Historically, Stewart & Jasper has grown Nonpareil as its main variety. “When you plant those, you have to pollinate and probably the most popular variety now is a Monterey, although we have half a dozen varieties of pollinators.

“The up-and-coming varieties are self-pollinating, so instead of planting two varieties, you only need one and the most prominent today is the Independence. It arrived about 2010 and a major portion of plantings in California are now Independence. We’ve heavily planted in it, about 500 acres, although we’ve planted varieties that don’t all get harvested at the same time. Independence gets harvested early in the season along with Non-pareils, but you like to have other varieties that can extend your harvest a bit.”

‘We’ve been fortunate’

While solutions are being sought for myriad problems in growing tree nuts in California, Jasper remains positive.

“We’ve been fortunate to grow with the industry — but not outgrow the industry. We’ve always had about two percent of the industry and several years ago when the billion-pound mark was set, our company and our growers were dealing with 20 million pounds. By about 2010, when the industry went from one to two billion pounds, we were handling 40 million pounds. And, if needed, 60 million pounds is possible as we’ve grown with the industry…threefold over what it was 20 years ago.”
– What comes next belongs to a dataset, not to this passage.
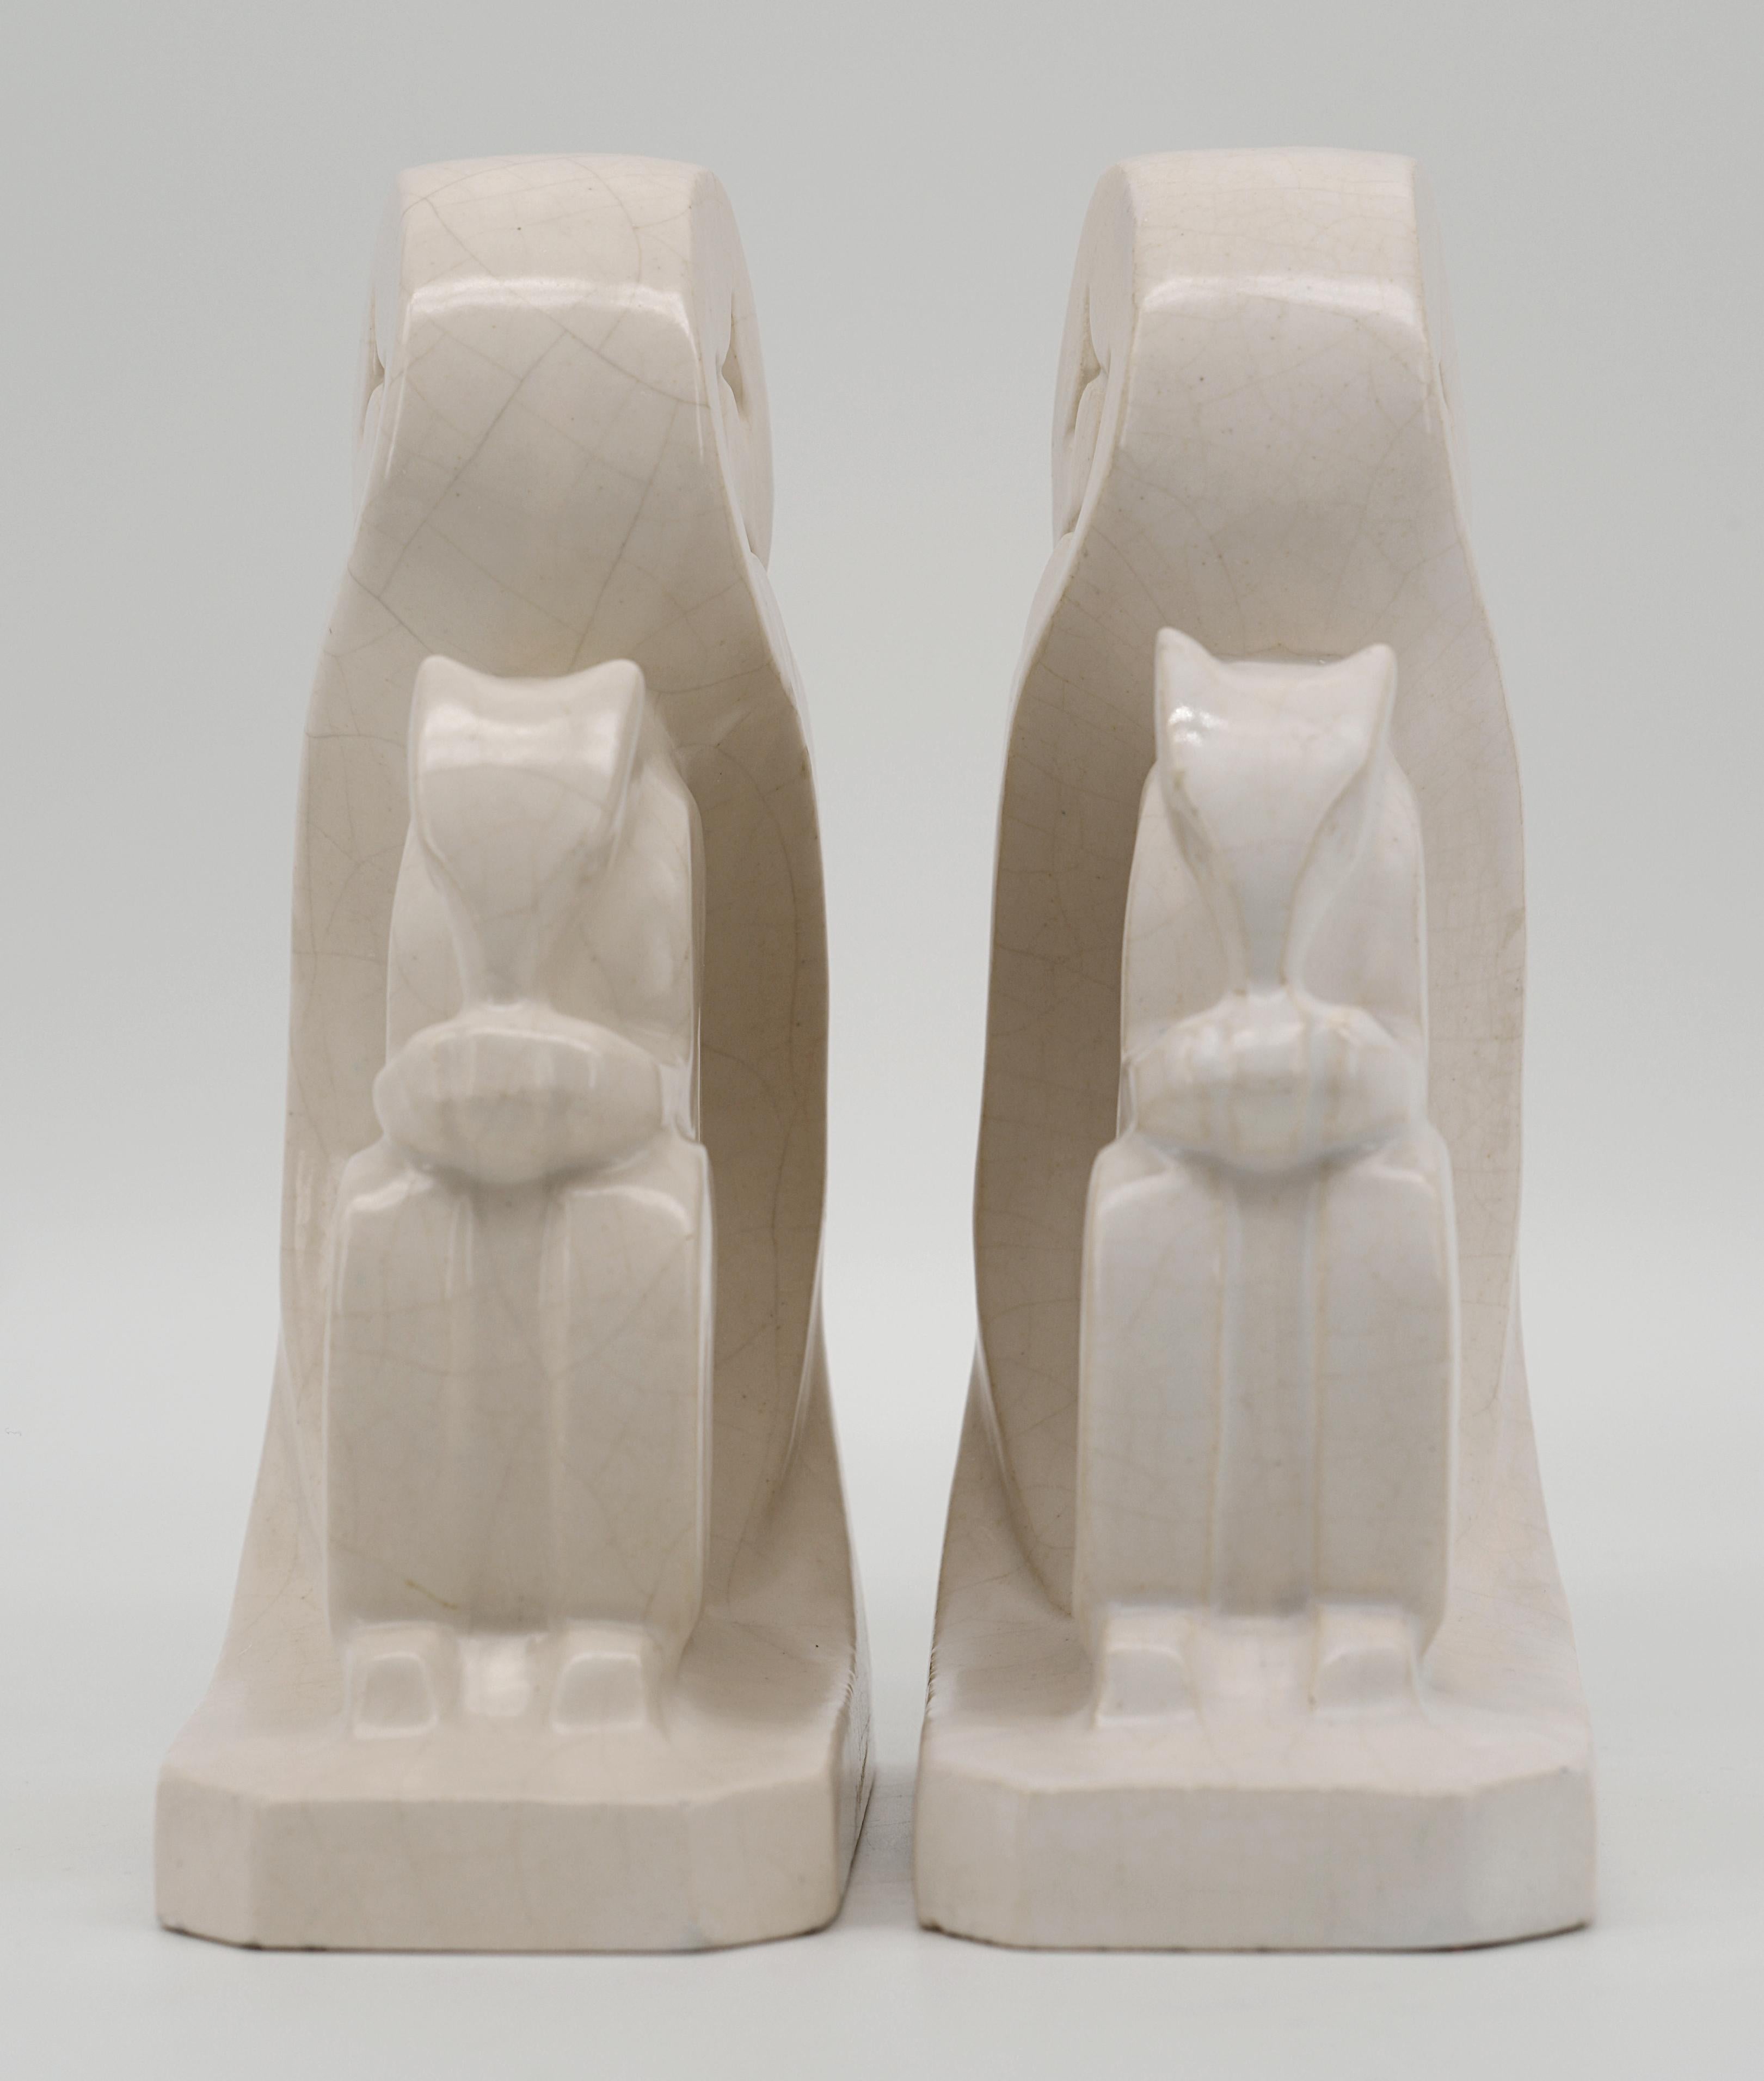 Octave LARRIEU French Art Deco Squirrel Bookends Pair, 1930s For Sale 2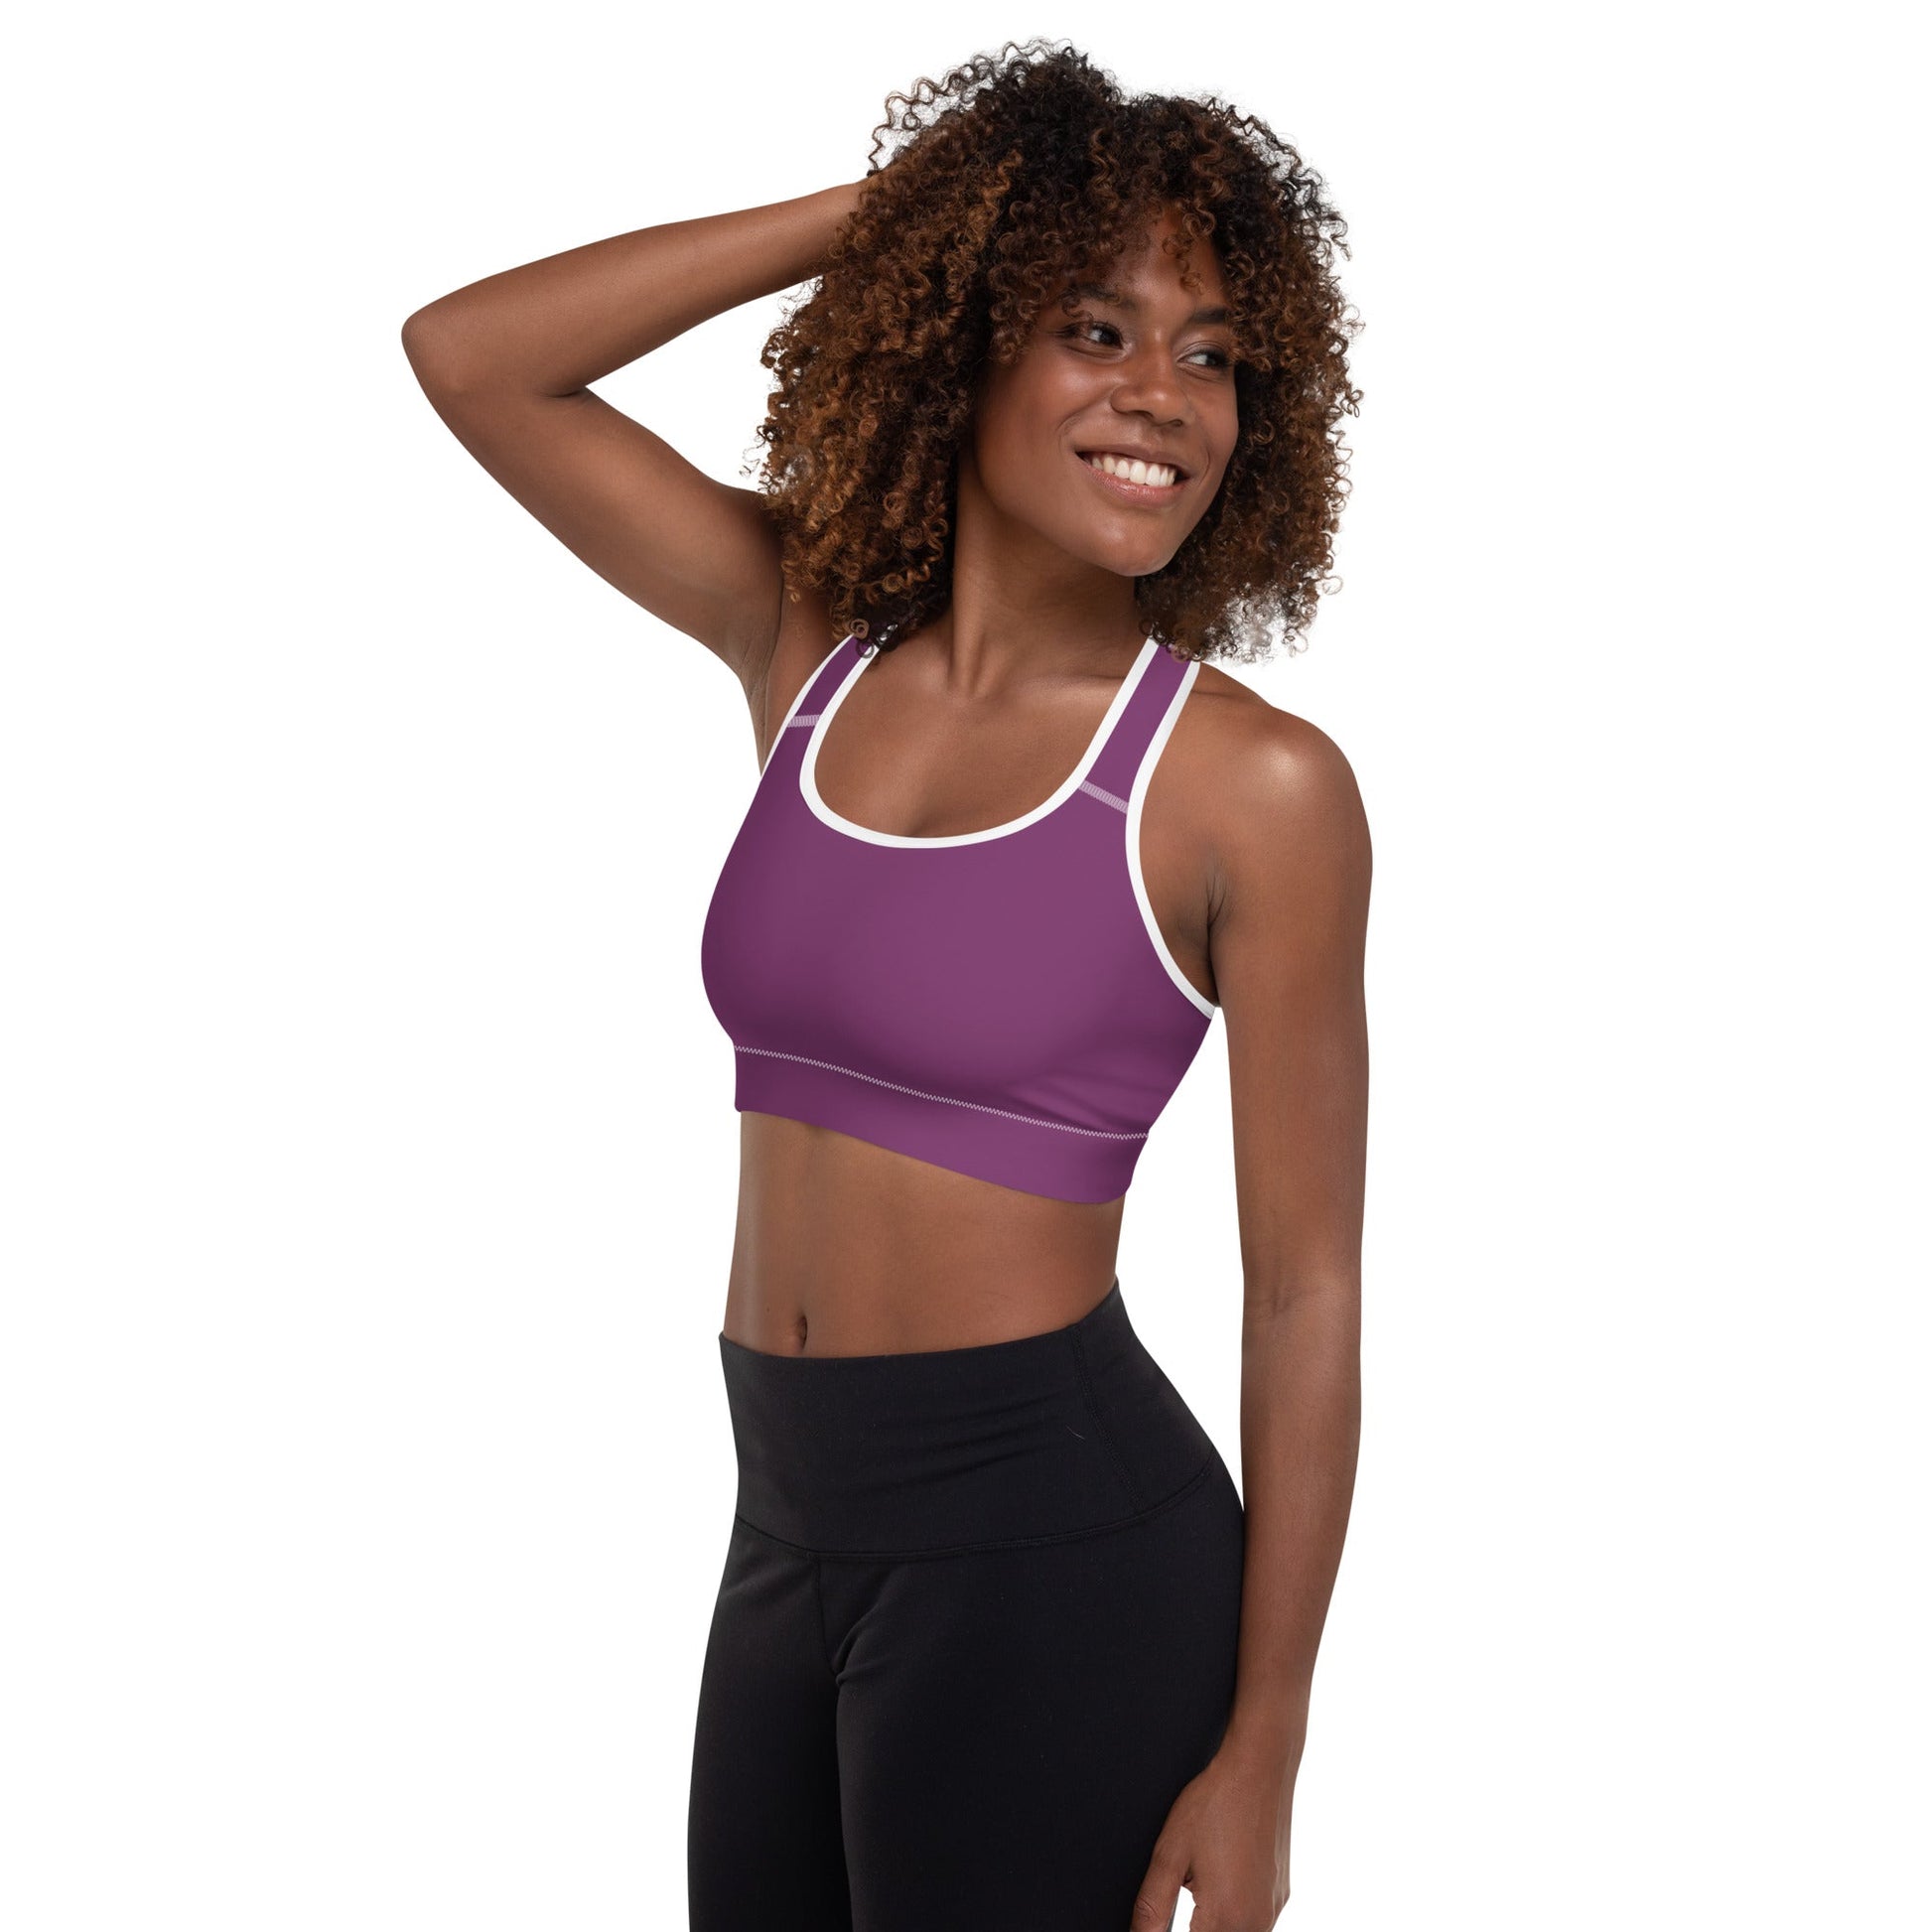 Sleek and Secure Padded Sports Bra - Optimal Support for Every Activity

While he has witnessed unimagined growth, he’s also seen a lot of change. First off, the work force. “We have tremendous workers, some of whom have worked here for almost as many years as I have. Between August and November when much of the harvest is going on, we nearly double our workforce, but our regular core of employees has been with us for years.”

While loyal employees are a plus for his successful company, he cites some firms that are getting out of the business. “Water is a major challenge. California may have ideal soil, but without water, agricultural production ceases. We’re thinking we may lose about 5% of our production from the previous year because orchards are being removed.”

The tree nut veteran acknowledges the negatives and then says: “Our industry is changing and we must change with it in order to persevere. The political climate and regulations make it hard to do a lot of things. It’s never going to go back to the old days and how much easier it was then to run a business, but we have a younger group coming in now to move things forward despite the obstacles.”